Input for this task Start Marker
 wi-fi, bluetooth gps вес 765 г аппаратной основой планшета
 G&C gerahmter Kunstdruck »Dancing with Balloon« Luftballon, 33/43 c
Input for this task End Marker
Input for this task Start Marker
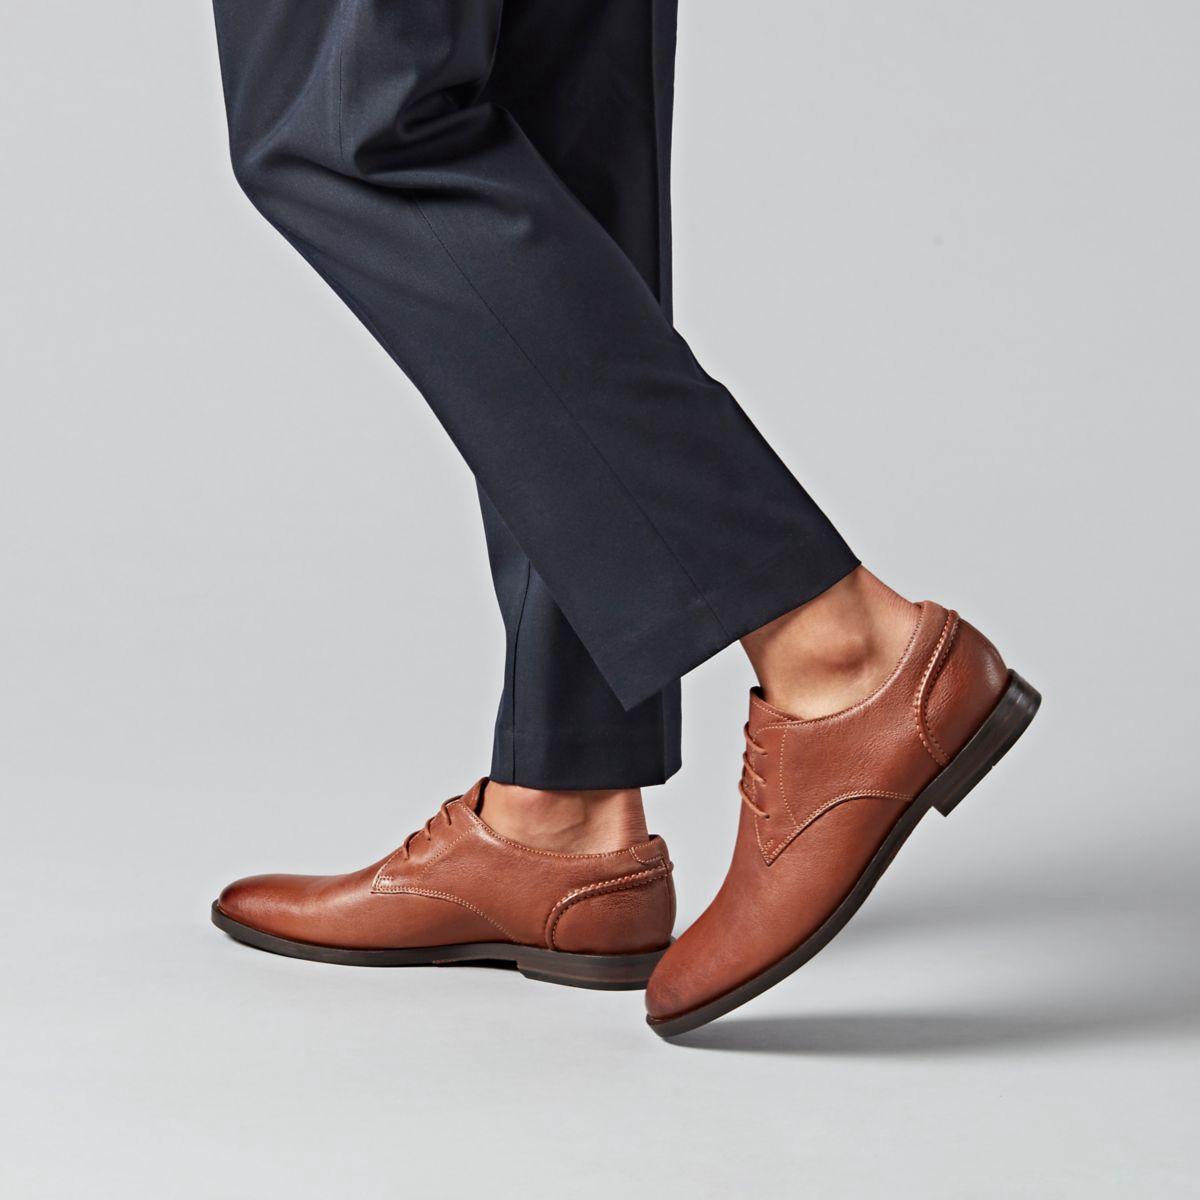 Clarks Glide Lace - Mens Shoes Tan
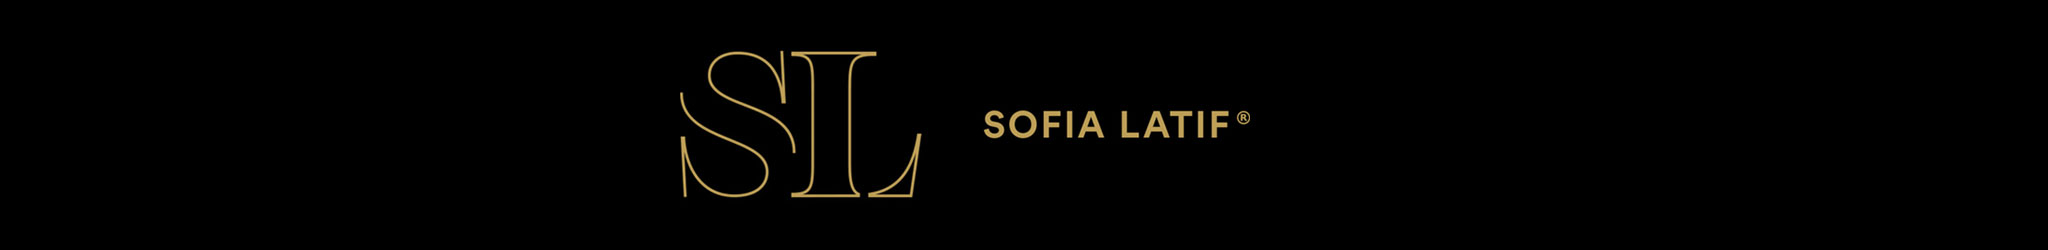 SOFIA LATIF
Input for this task End Marker
When the line with "wi-fi, bluetooth gps" is reached in the data above, start copying there, and copy each line exactly until the line with "G&C gerahmter Kunstdruck" has been copied; copy nothing else.

 wi-fi, bluetooth gps вес 765 г аппаратной основой планшета
 G&C gerahmter Kunstdruck »Dancing with Balloon« Luftballon, 33/43 c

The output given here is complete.